Я отвожу взгляд, застыдившись того, как самоуверенно прозвучали мои слова. Будто я претендую на то, что это я залечила его душевные раны. Те раны, которые до меня не поддавались никакому лечению в принципе. Раны, которые он прятал даже от самых близких, чтобы… не ранить их.

Прерывая наш диалог, ко мне подлетает Ками:

– Мамочка, можно я ещё побегаю?

– Только по тротуару! – отвечаю я, стараясь, чтобы голос звучал бодро. – Хорошо, что здесь запретили гонять самокатчикам.

– Да, – рассеянно бросает Амина, пробегаясь пальцами по волосам.

– Ну, мы тогда, наверное, пойдем? Кажется, опять дождь собирается.

– Похоже на то. Вас подвезти? – встряхивается Амина. – Мой водитель где-то неподалеку.

Я качаю головой. На метро будет быстрее. К тому же я определенно не выдержу еще один разговор об Адаме.

– Он спит при свете, – зачем-то говорю я напоследок.

– Ч-что? – непонимающе переспрашивает Амина.

– Когда Адам один, он спит при свете. Обычно это помогает.

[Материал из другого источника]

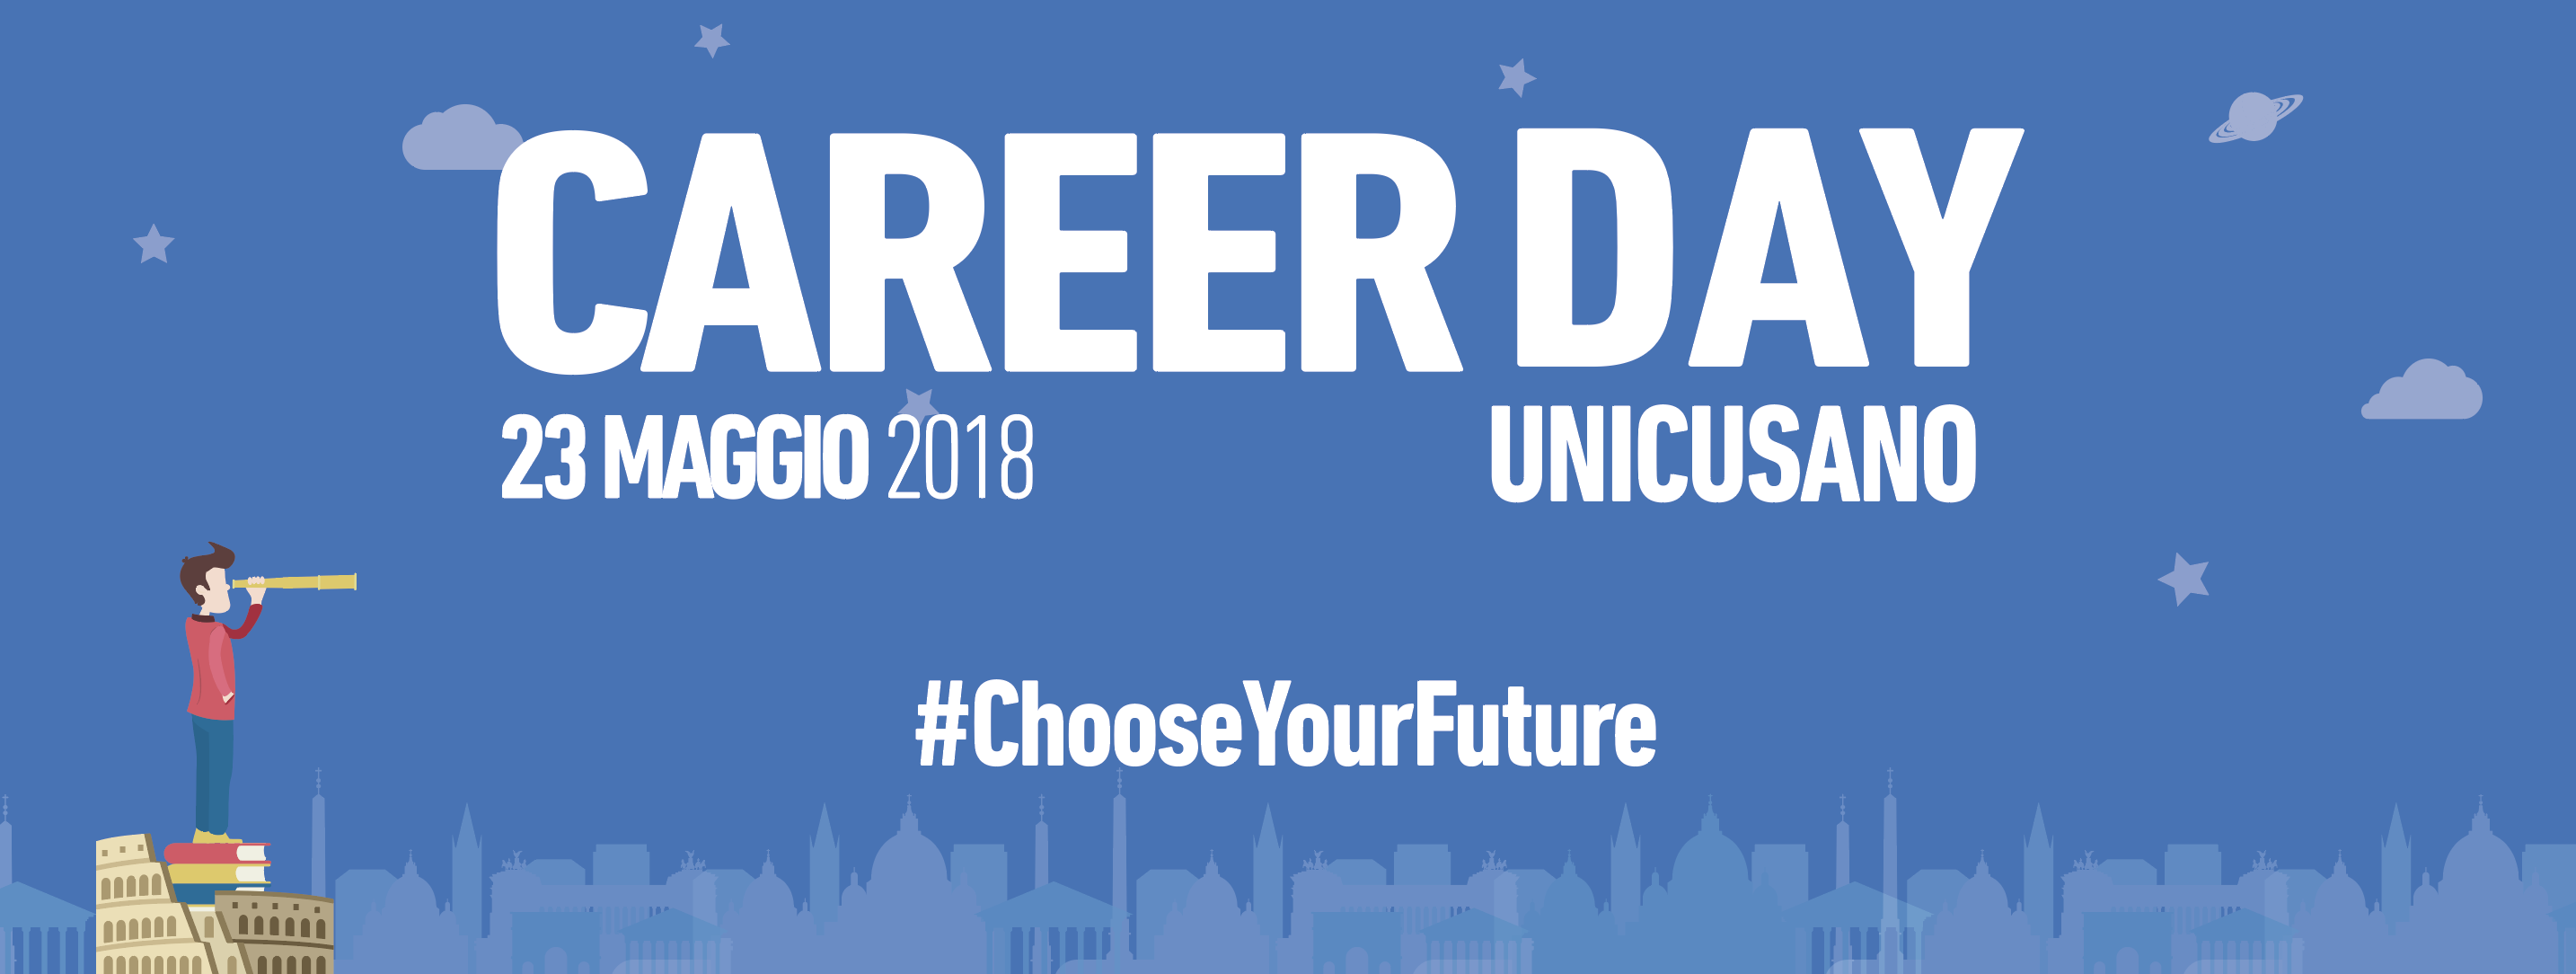 #ChooseYourFuture grazie al Career Day Unicusano

В носу начинает предательски колоть. Я не могу злиться. Ни на самого Адама, ни на его мать, которая, понятное дело, хочет для своего сына лучшего… Я даже не могу пожаловаться на несправедливость, как Васька. Потому что каждому по делам его, да. Разве меня не предупреждали, что Никита – ошибка?! Разве я не понимала последствий? Так что все правильно. Я, наверное, заслужила.

– Лейла, подожди! Одну минуту…

– Конечно. Чем я могу помочь?

На мои пылающие щеки что-то капает. Слезы или дождь – так и не разберешь! Картинка перед глазами мутнеет.

– Спасибо тебе. – Звучит это так просто и так неправдоподобно, что невольно задаешься вопросом – не тронулась ли я умом.

– За что?

– За то, что была рядом, когда ему было плохо.

Отвожу взгляд. Я, черт его подери, не железная. Я трещу по швам от надежды, которой противостоят попытки убедить себя, что этот разговор ничего не исправит. Не поможет сберечь. Ни его, ни меня. Ни нас.

Амина вдруг берёт меня за руку. Её ладони тёплые, уверенные. В отличие от моих, ее пальцы совсем не дрожат. И в этом прикосновении столько поддержки, что я едва могу удержать себя от порыва уткнуться в ее пышную грудь и расплакаться.